Medicare Compliance & Reimbursement

PHYSICIANS:

Medicare Should Raise Prices Retroactively For Pricey Drugs, Physician Group Says

Docs don't understand differences between observation, inpatient admission

The Centers for Medicare & Medicaid Services isn't providing enough information on drug cuts and won't have a sure-fire way to find out how the cuts affect providers.

Physicians presented those complaints to the Nov. 22 meeting of the Practicing Physicians Advisory Council. PPAC passed resolutions calling on CMS to post raw data on third quarter 2004 drug prices on its Web site right away, because that data will determine the rates CMS pays starting in January. And PPAC also called on CMS to have a means to collect information on whether providers can afford to obtain drugs at the average sales price (plus 6 percent) levels.

If physicians are unable to obtain drugs at the ASP plus 6 percent rate, CMS should be able to raise the payments and make the hike retroactive to the beginning of the quarter, PPAC insisted in a resolution.
 
PPAC members complained bitterly that the ASP methodology assumes they can obtain drugs at the manufacturer's price, when in fact they're buying drugs from wholesalers who add up to 25 percent in surcharges to the ASP levels.

Meanwhile, oncologists weren't sure if they'd receive the full $130 per patient per day that CMS has allocated for its cancer care demonstration project. If secondary payors fail to recognize the G-codes they're supposed to bill in this project, oncologists may have a hard time collecting the $26 copayment from them. CMS officials conceded that secondary payors may refuse to recognize the new G-codes and providers may have to bill them multiple times to obtain payment for the portions that Medicare doesn't pay for.

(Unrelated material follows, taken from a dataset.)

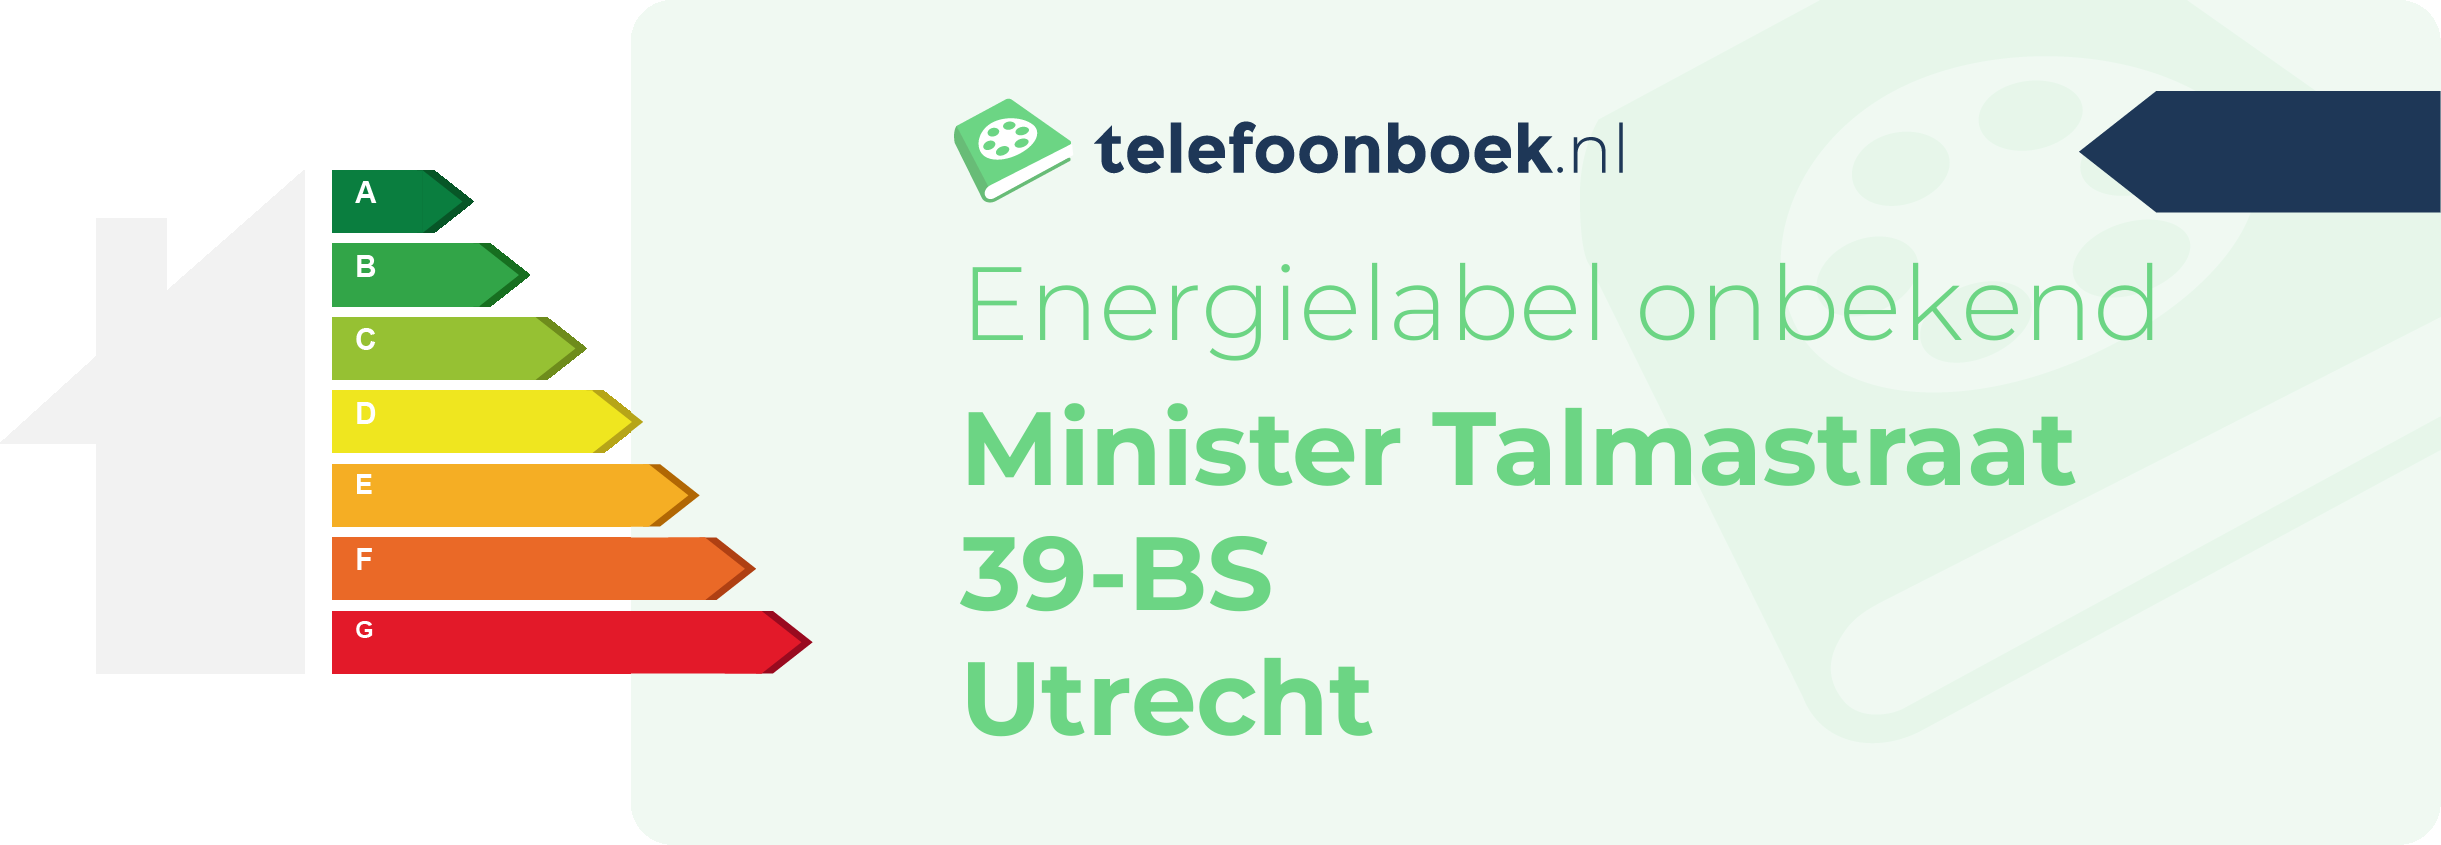 Energielabel Minister Talmastraat 39-BS Utrecht

Other topics covered at the PPAC meeting include:

 

  • RVU Updates. Every five years, CMS and the AMA's Relative Value Update Committee (RUC) reconsider the RVUs of existing codes. This time around, CMS will be looking at high-volume services that used to be performed in an inpatient setting, but are now mostly performed in an outpatient setting, according to CMS officials.

     
  • Observation. CMS officials asked PPAC to help find ways to educate physicians on the difference between an inpatient admission and admitting a patient for observation. Often, a doctor will simply write "admit" and let the hospital and others decide whether he or she meant an inpatient admission or observation. Hospitals receive sharply different payment for observation versus inpatient admissions, they noted.

    But the complex rules about hospital admissions frustrate physicians, PPAC members countered. One doctor asked why the hospital shouldn't be the one to decide whether a patient's level of care constituted outpatient or inpatient care. Also, physicians asked why it's so difficult to admit a patient as an inpatient and then reduce the patient's status to observation if the patient's condition improves. It's fairly easy to go from observation to inpatient admission, but not vice versa, they noted.